00:20:58.000 I think what we can say with relative clarity is that the carnivore diet, like any highly restrictive diet, will almost assuredly result in weight loss.
00:21:08.000 And when a person loses weight, a number of parameters in their health will improve.
00:21:14.000 But it's not clear that everything will improve, and it's not clear to me that any form of highly restrictive diet is in the long term going to be as healthy as a less restrictive, somewhat more balanced diet.
00:21:28.000 And in particular with the carnivore diet, I think the one thing I would want to have better insight into before embarking on it for the rest of my life Would be what is the effect on for example cardiovascular disease if a person said look I want to go on this diet And I don't want to address the consequences of my lipids because for many people when they go on these diets Their lipids go haywire Which is the non-technical way of saying that they are increasing their risk at least on paper of cardiovascular disease so
00:21:59.000 This hasn't been studied, and there really isn't a great way to do these studies because there isn't a huge motivation or incentive to study diets, right?
00:22:08.000 They're not really profit centers.
00:22:11.000 It's not like you package and sell a diet.
00:22:14.000 So who's the one that's going to pay $12 million to do, you know, even the three-year study on the carnivore diet, which is a pittance, right?
00:22:23.000 If you think about it, like, $12 million is a trivial sum of money in the pharma landscape, and we'll happily spend You know, frankly, close to a billion dollars to gain approval for any single drug as you go from IND to phase three approval.

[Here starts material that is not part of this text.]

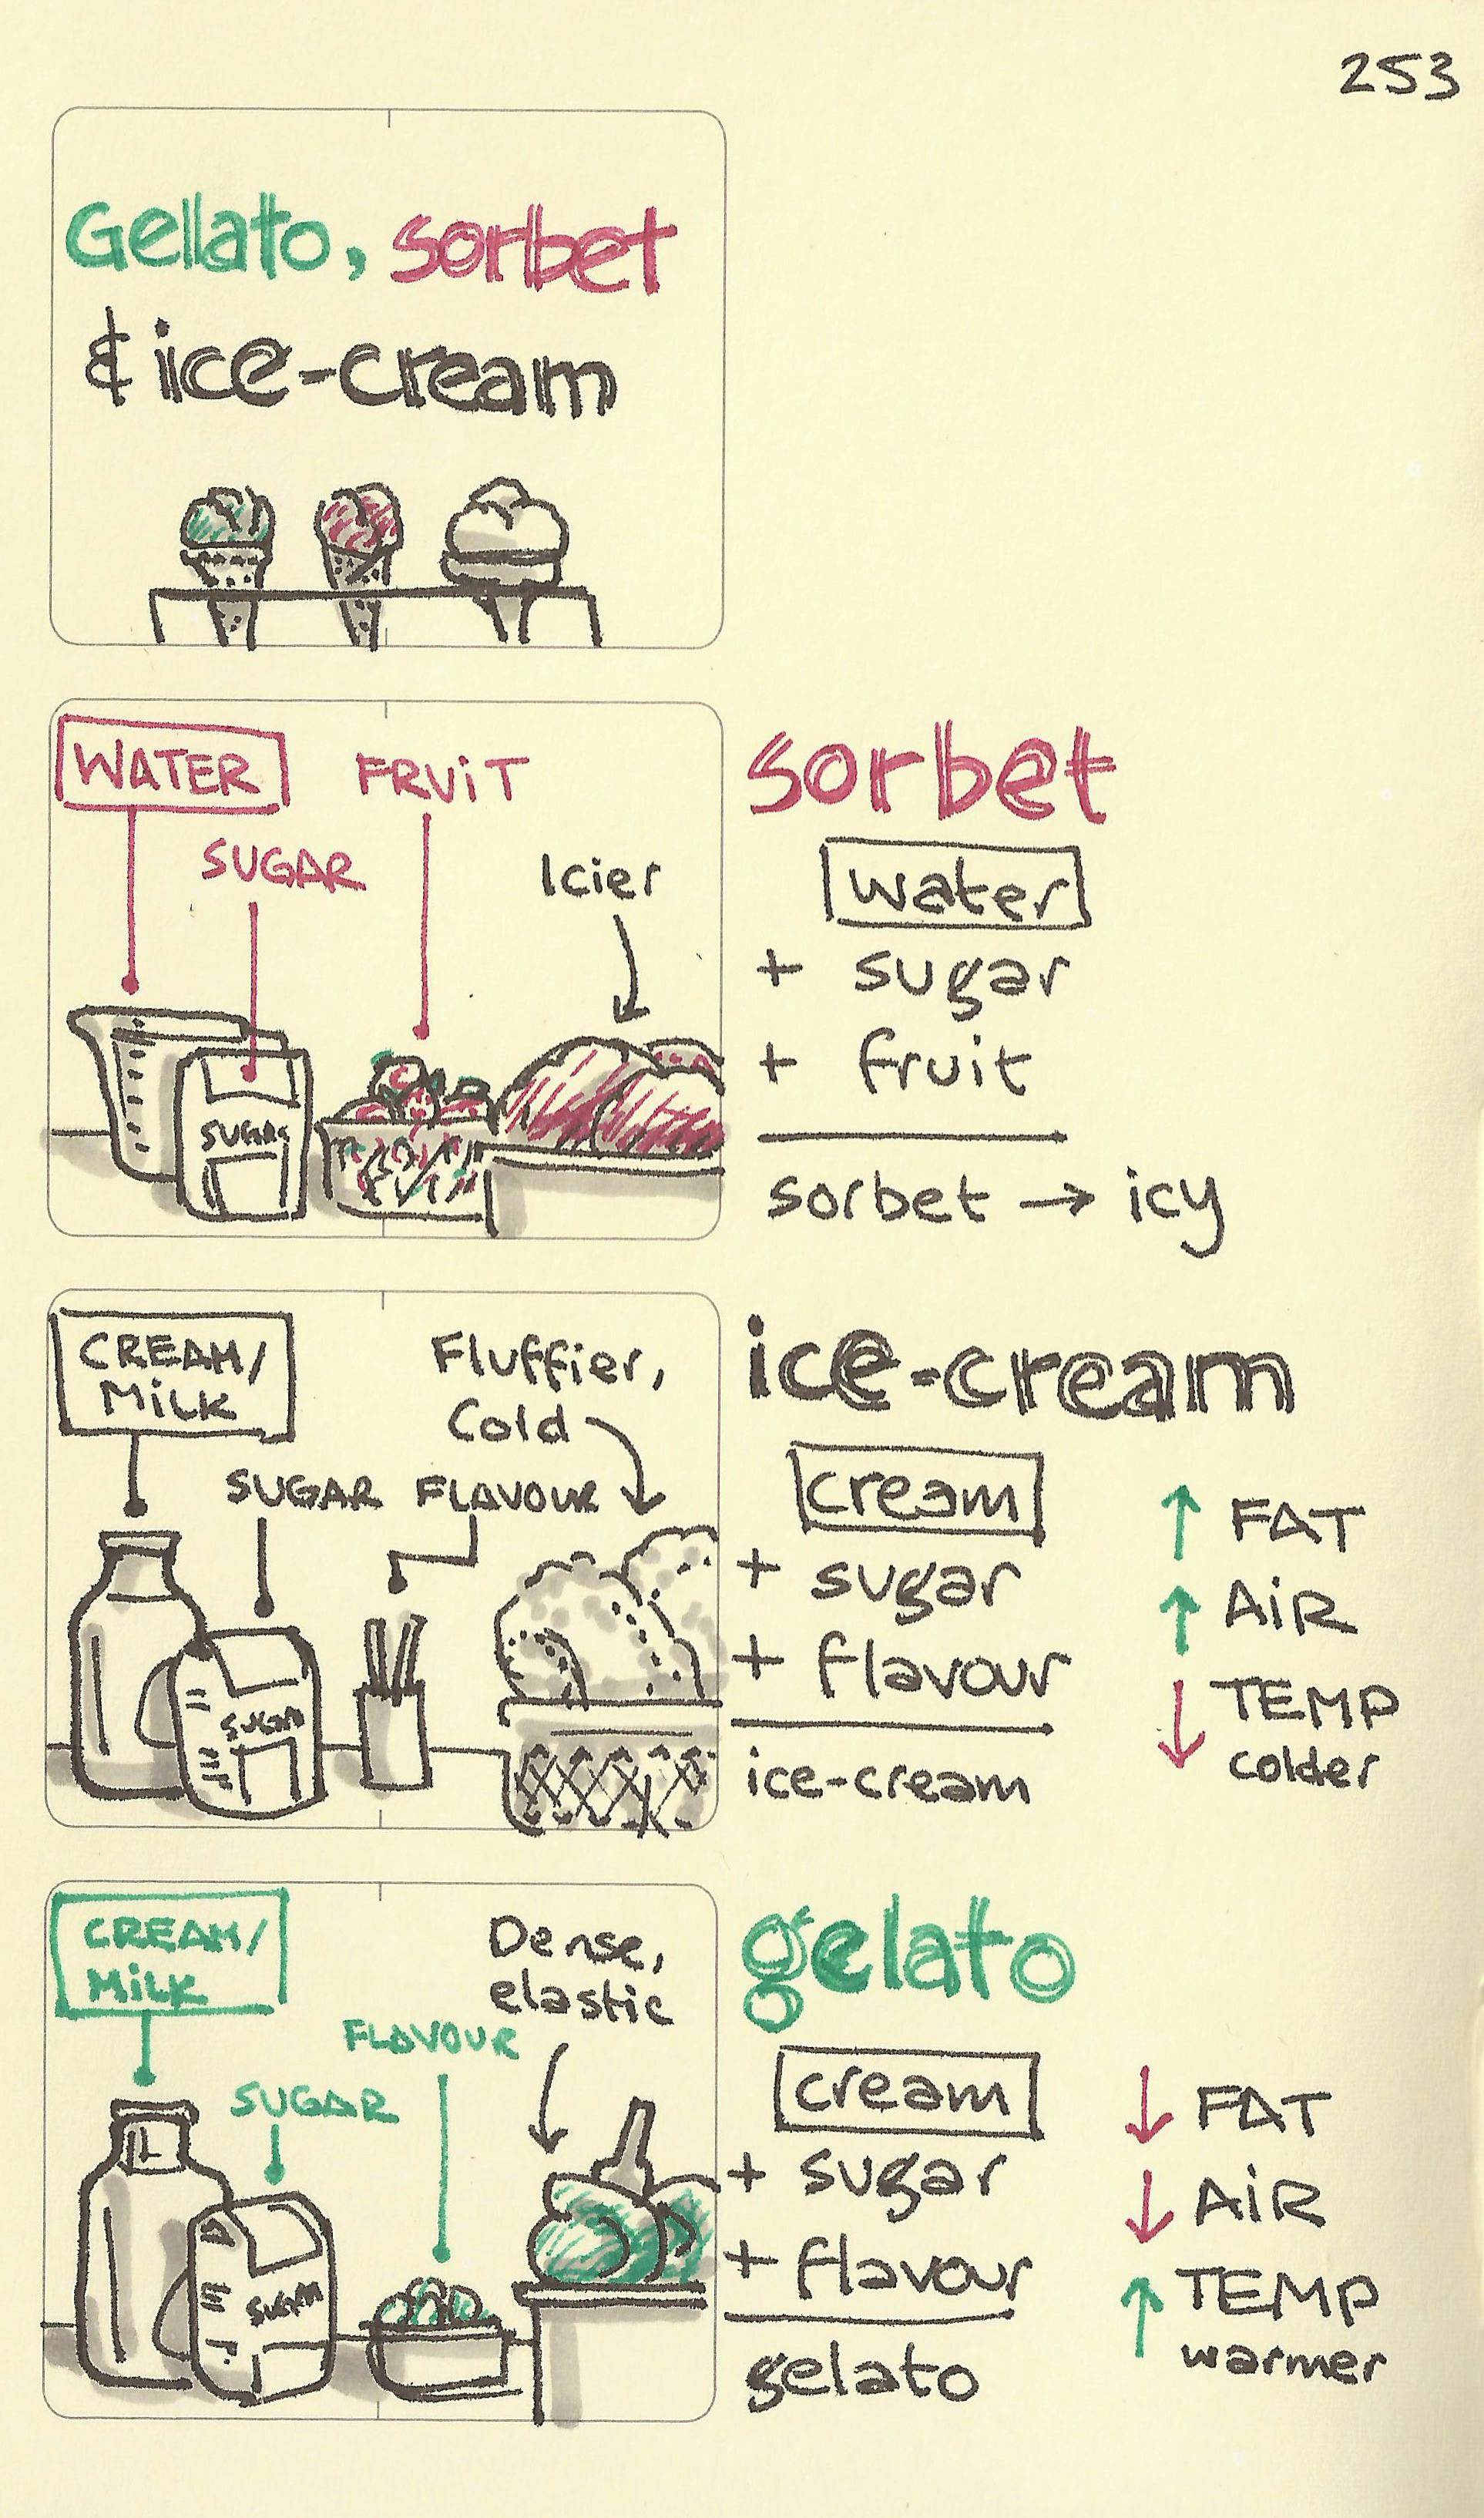 Gelato, sorbet and ice-cream - Sketchplanations

00:22:38.000 That's not an unlikely sum of money.
00:22:40.000 In fact, that's a little bit below typical, but we would never spend that much money to understand the questions about diet.
00:22:46.000 And I think that's just an unfortunate consequence of our existence.
00:22:50.000 One of the concerns I've had around the rhetoric around science recently is that it presents itself as neutral empiricism when the funding of clinical trials, the experimentation that is done, the experimentation that is not undertaken, can plainly be tracked By the interest that you've described.
00:23:16.000 Who is undertaking the experiments that do not lead to a profitable product?
00:23:22.000 Who is looking into the efficacy of natural immunity?
00:23:25.000 Who is looking into the efficacy of any behavior or habit that doesn't lead to some benefit for a financial interest?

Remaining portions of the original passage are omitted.